IN the coming weeks, if you want to get every second of light out of your summer, in other words to find a place in Scotland where the dark never fully falls, then northwards is where you must head, north towards the Simmer Dim.
This beautiful Shetland term describes not a place, but a time of year, or more precisely a phenomenon, the twilight that hangs in the sky through the midsummer nights, even as the sun has set just below the horizon. It’s the light of a northern summer solstice.
The further north you go, the longer the light lingers, so it makes sense that when we think of midsummer, we think of Shetland, and of Unst, the northernmost inhabited part of the British Isles. There, the sun is in the sky for almost nineteen hours in a day. The days are long, also the nights so light they are described as white.
Unst, says the website Shetland.org, “is the ultimate Shetland destination - the absolute end of every Great North Road in Britain, it has the northernmost of everything”. But the light, and the northerliness, are not the only things to go to Unst for. It is also rich in Viking heritage, with over sixty long houses, home to the Hermaness and Keen of Hamar nature reserves, as well as traditional crofting and Bobby’s Bus Shelter, which, each year, is entertainingly decorated by locals.
READ MORE: Summer solstice in Scotland - what is it and how can you mark it?
Still, there's no doubting that the midsummer light there, at 60 degrees north, adds an extra enchantment. The Shetland With Laurie blog describes Simmer Dim as “a magical time of year”. “The sun sets at 10.30pm, merely dipping its head below the horizon before rising again at 3.30am.
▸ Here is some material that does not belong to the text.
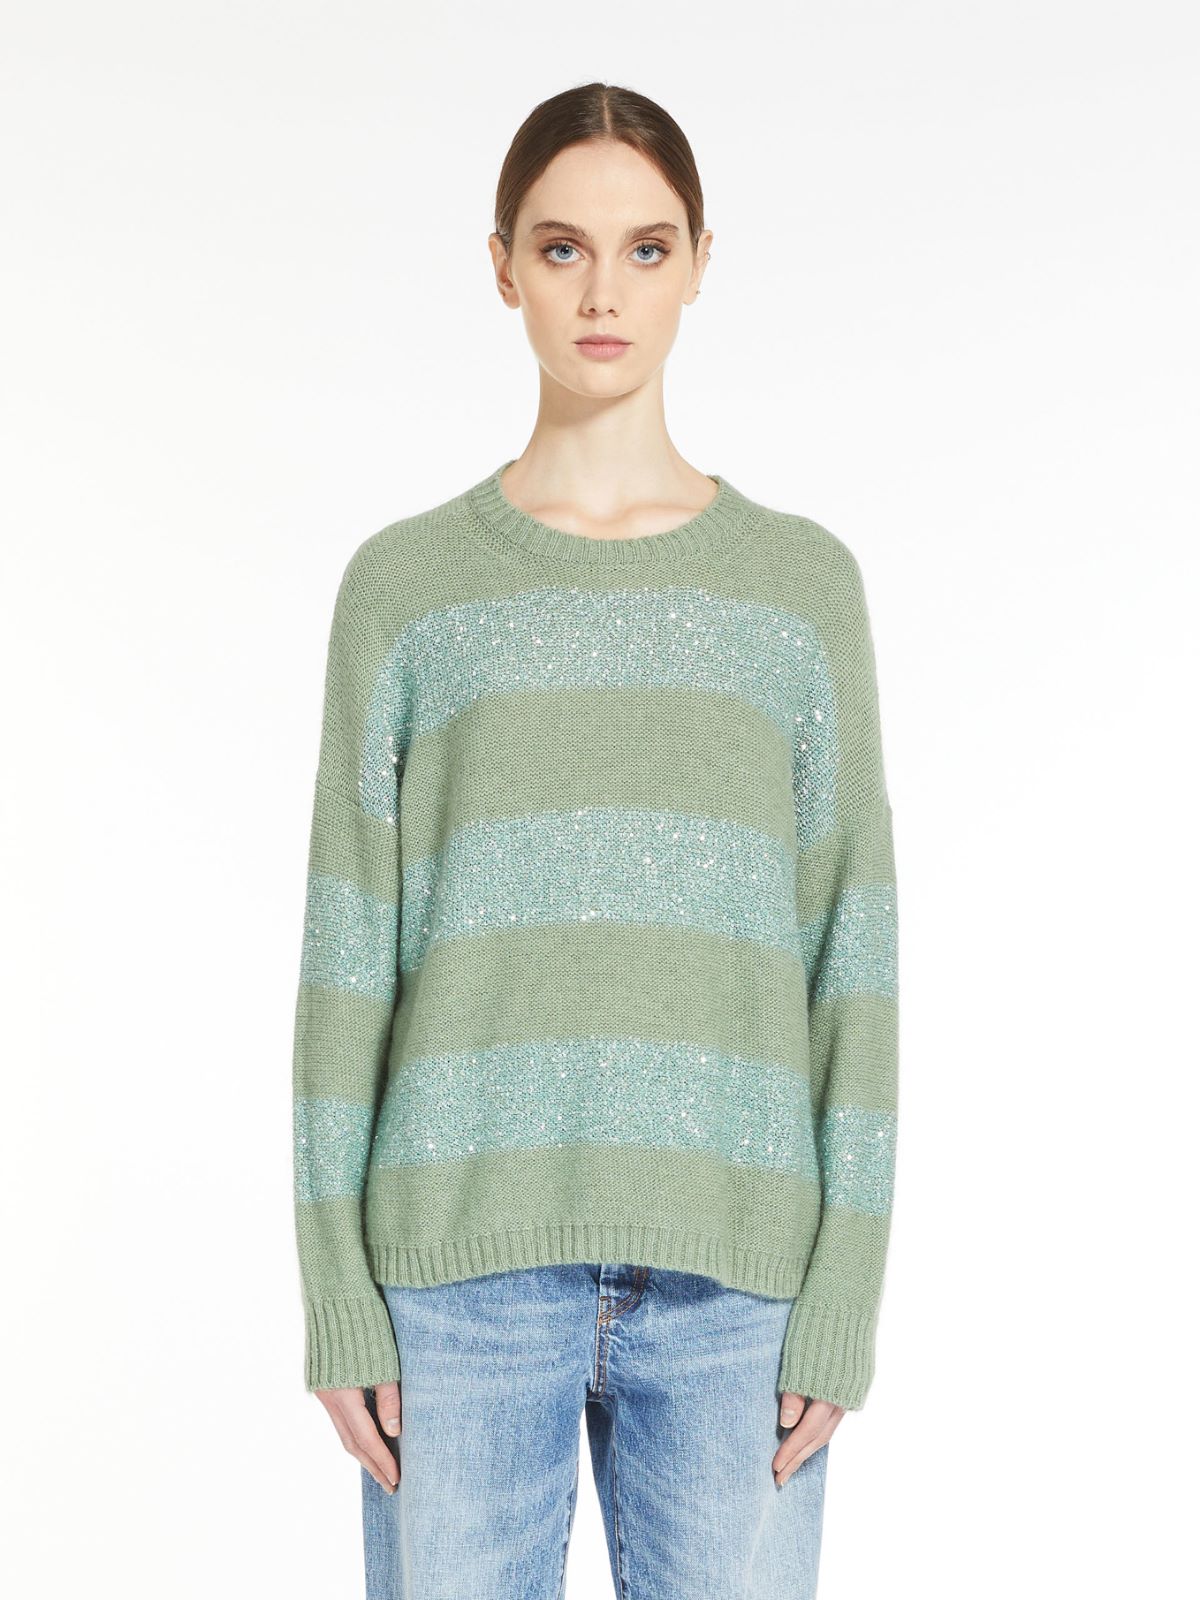 Sequin sweater - SAGE GREEN - Weekend Max Mara - 2

Everything in nature is alive.”
Sometimes when people talk of the Simmer Dim, they are referring to the summer solstice, the longest day, on June 21st this year. It’s the name of a gathering of bikers too, postponed this year and last because of the pandemic. This great big solstice bikers party has taken place since 1982 on the Shetland Isles and sees hundreds of motorcyclists, from the isles and further afield come together in the summer twilight.
Of course we don’t have to bike quite as far as Unst to experience a bit of the thrill of a midsummer light night. Even in the central belt, we have first light around 3.30, sunrise at the solstice at 4.26, sunset around 10pm and the last of the light fading at 11pm. Pick your spot on any local hill and watch the sun go down.
Unst however glories in an extra two hours of light, and the sense of the darkness never quite descending. An extra touch of simmer magic.